<News Alert> SoFi Technologies (SOFI US, BUY) 3Q23 adj. EBITDA beat, boosted FY23F guidance
- SoFi reported strong 3Q23 results, with adj. EBITDA of $98m, beating expectations of $65m
- Key business drivers continued to show robust growth
- SoFi boosted its FY23F outlook for adj. net revenue and adj. EBITDA by c.3% and 16%, respectively
SoFi reported strong 3Q23 results, with adj. EBITDA of $98m, beating expectations of $65m. 3Q23 net revenue grew 27% y-o-y to $531b, exceeding estimates of $512b, driven by increased personal loan originations, attracting new members with good credit scores, and boosting deposit levels at controllable cost of fundings. The company reported an adj. net loss of 3 cents per share, which beat estimates for an adj. net loss of 8 cents per share.
Key business drivers continued to show robust growth.
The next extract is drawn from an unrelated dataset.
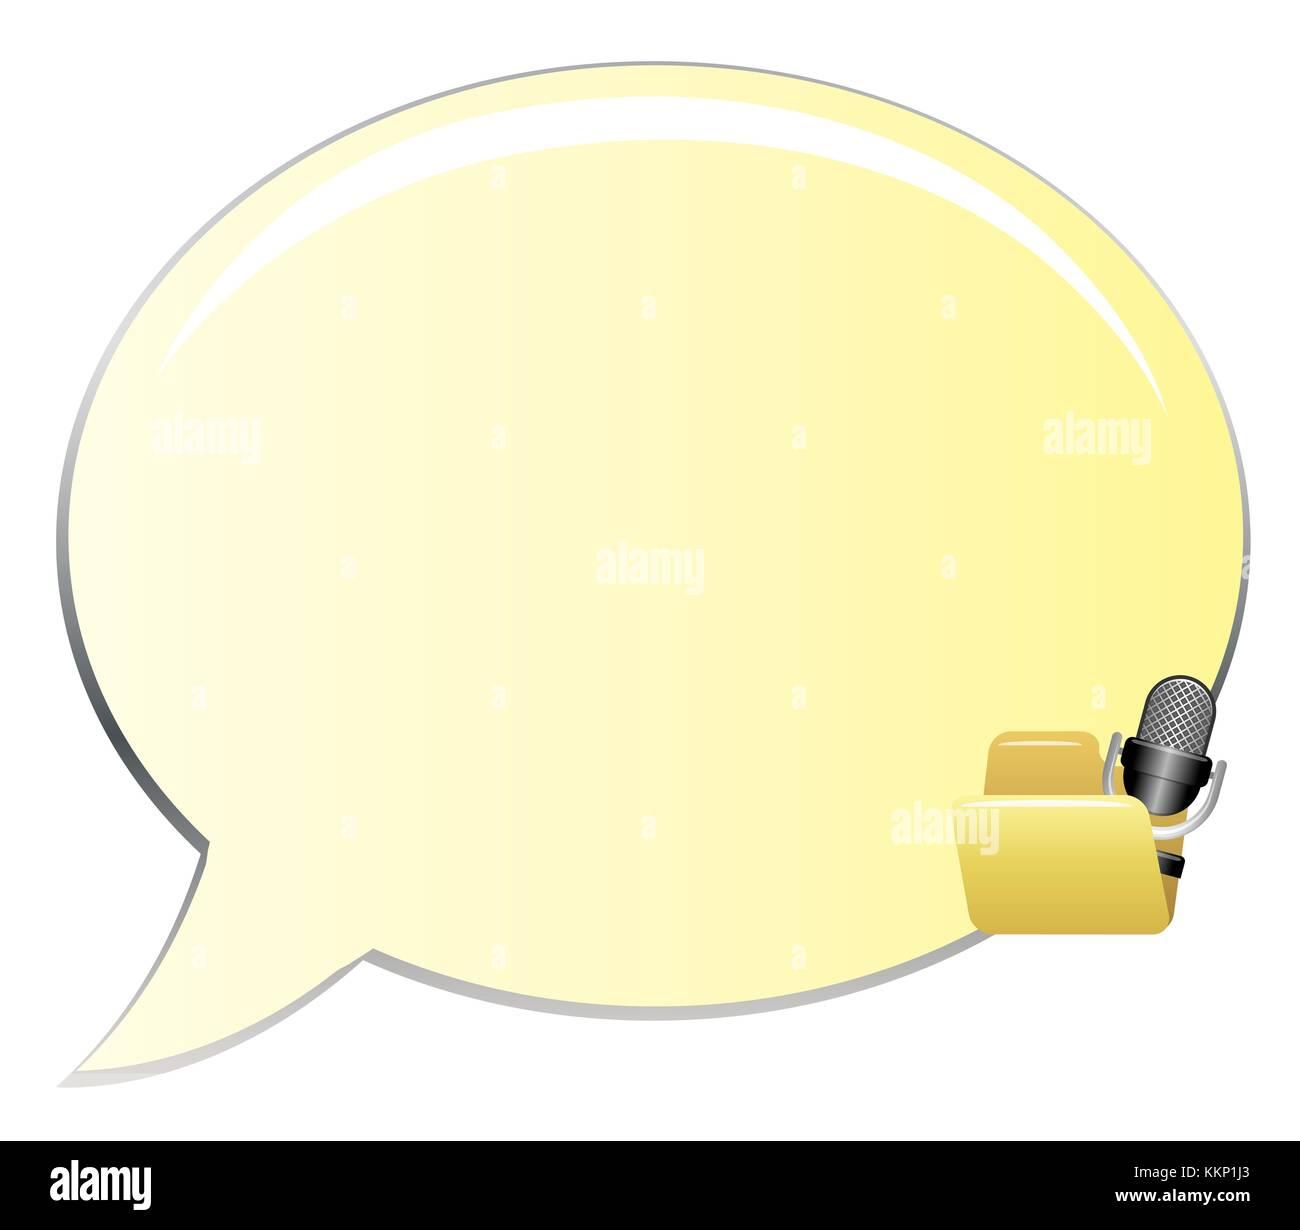 Clip art Speech Bubbles amarillo Imagen De Stock

SoFi added over 717k new members in 3Q23, reaching more than 7.0m members, up 47% y-o-y. Total deposits increased 23% q-o-q to $15.7b by end 3Q23, with 90% coming from direct deposit members with a controllable cost of fundings. Origination volume in 3Q was $5.2b, up 48% y-o-y, driven by 1) a 38% y-o-y increase in personal loans origination and 2) doubled y-o-y growth of student loans due to restarting student loan repayment, and 3) home loans up 64% y-o-y. The decreased marketing expense per new member, which saw a 17% decline q-o-q and 32% decline y-o-y, indicated the increased monetization of Sofi’s member base and the improved financial services productivity.
SoFi boosted its FY23F outlook for adj. net revenue and adj. EBITDA by c.3% and 16%, respectively. The company now projects adj. net revenue between $2.045b to $2.065b, compared to previous guidance of $1.974b to $2.034b, and raised adj. EBITDA guidance from $333m-$343m to $386m-$396m. The improved outlook is supported by diversified revenue mix towards non-lending business. Management maintains expectations to achieve a GAAP net profit inflection point in 4Q23F.